Extracellular Vesicles Slow Down Aβ(1-42) Aggregation by Interfering with the Amyloid Fibril Elongation Step

Abstract

Formation of amyloid-β (Aβ) fibrils is a central pathogenic feature of Alzheimer's disease. Cell-secreted extracellular vesicles (EVs) have been suggested as disease modulators, although their exact roles and relations to Aβ pathology remain unclear. We combined kinetics assays and biophysical analyses to explore how small (<220 nm) EVs from neuronal and non-neuronal human cell lines affected the aggregation of the disease-associated Aβ variant Aβ(1-42) into amyloid fibrils. Using thioflavin-T monitored kinetics and seeding assays, we found that EVs reduced Aβ(1-42) aggregation by inhibiting fibril elongation. Morphological analyses revealed this to result in the formation of short fibril fragments with increased thicknesses and less apparent twists. We suggest that EVs may have protective roles by reducing Aβ(1-42) amyloid loads, but also note that the formation of small amyloid fragments could be problematic from a neurotoxicity perspective. EVs may therefore have double-edged roles in the regulation of Aβ pathology in Alzheimer's disease.

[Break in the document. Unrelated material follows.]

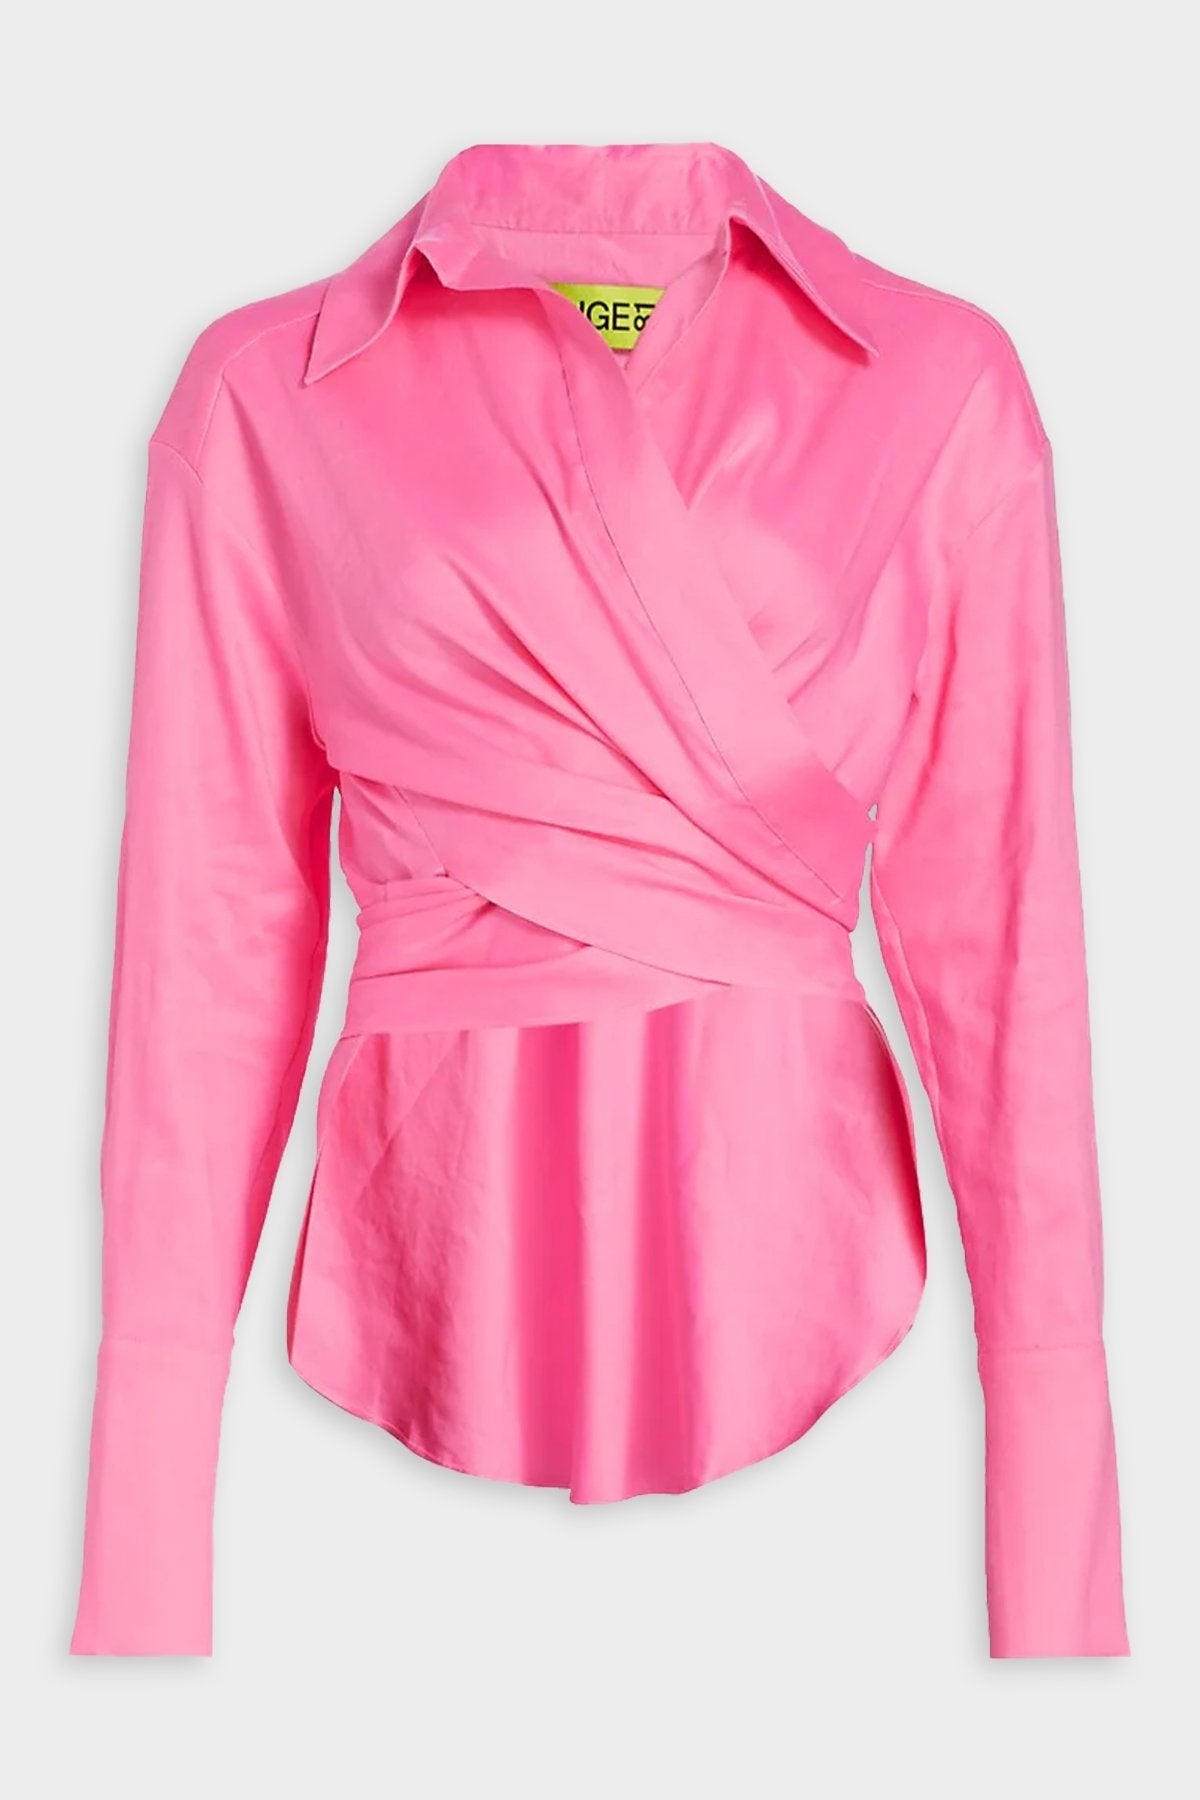 Sabinas Knit Shirt in Hot Pink - shop-olivia.com

Keywords: Alzheimer’s disease; EVs; amyloid kinetics; amyloid-β; extracellular vesicles; protein aggregation.

Figure 1

Size and molecular identity of EVs. (a) Size distributions and particle concentrations of EVs isolated from SH-SY5Y (black) and HEK293-T (blue), as determined by NTA. Mean EV diameters ± standard deviations are given in the legend. (b) Western blots showing the presence of different protein markers in the EV samples and whole cell lysates. Abbreviations: SH = SH-SY5Y and HEK = HEK293-T.

Figure 2

Aβ(1–42) aggregation kinetics in the presence of EVs. (a,b) Change in ThT fluorescence as a function of time, representing the aggregation kinetics of 2 μM Aβ(1–42) into amyloid fibrils in the presence of increasing concentrations of EVs purified from (a) SH-SY5Y and (b) HEK293-T cells. The EV concentrations are given in particles/mL, as indicated by the legend in (a). Three replicate kinetic curves are overlaid for each condition. (c) Change in end-point ThT fluorescence (defined as the mean ThT signal over the final 3 h of the plateau phase, which corresponds to 37 data points) as a function of increasing EV concentration. (d) Reaction half-times and (e) reaction growth-times, extracted from the data in (a,b). The error bars represent standard deviation (n = 3).

Figure 3

Effect of EVs on the seeded aggregation of Aβ(1–42). (a–f) Normalized Aβ(1–42) aggregation kinetic curves showing the effects of EVs in the absence (a,d) and presence (b,c and e,f) of 5 or 25% preformed Aβ(1–42) fibril seeds. Panels (a–c) and (d–f) show data for SH-SY5Y and HEK293-T EVs, respectively. The solid lines were fitted to the data using a multistep secondary nucleation model of amyloid formation setting the rate constant for elongation (k₊) as a free parameter as described in the main text. The parameters underlying these fits are given in Tables S4 and S5. (g,h) Reaction half-times as a function of EV and seed concentration, derived from the data in, respectively, (a–c and d–f). The error bars represent the standard deviation (n = 3). (i) Change in the elongation rate constant (k₊) as a function of EV concentration, as determined by the fitting of the data in a–f. The elongation rates are reported relative to that of 2 μM Aβ(1–42) aggregating in the absence of EVs.

Figure 4

Morphological characterization of Aβ(1–42) fibrils formed in the absence and presence of EVs. (a–c) AFM images of Aβ(1–42) fibrils formed (a) in phosphate buffer with DPBS (see Methods) and (b,c) in the presence of SH-SY5Y and HEK293-T EVs. Scale bars = 2 μm. (d,e) AFM-based analysis of the distributions of (d) fibril lengths (e) and cross-sectional heights of the Aβ(1–42) fibrils formed in the absence and presence of EVs (n = 100–120 per condition, *** denotes p < 0.001 by one-way ANOVA). (f–k) Cryo-TEM images of Aβ(1–42) fibrils formed in the absence of EVs (f,g) and in the presence of EVs from, respectively, SH-SY5Y(h,i) and HEK293-T (j,k) cells. The Aβ(1–42) fibrils formed in the presence of EVs contained small dark dots, indicated by the white arrows in (i) and (k), suggestive of the dense association of EV components. Scale bars = 250 nm. All analyses have an EV concentration of 7.2 × 10⁹ particles/mL.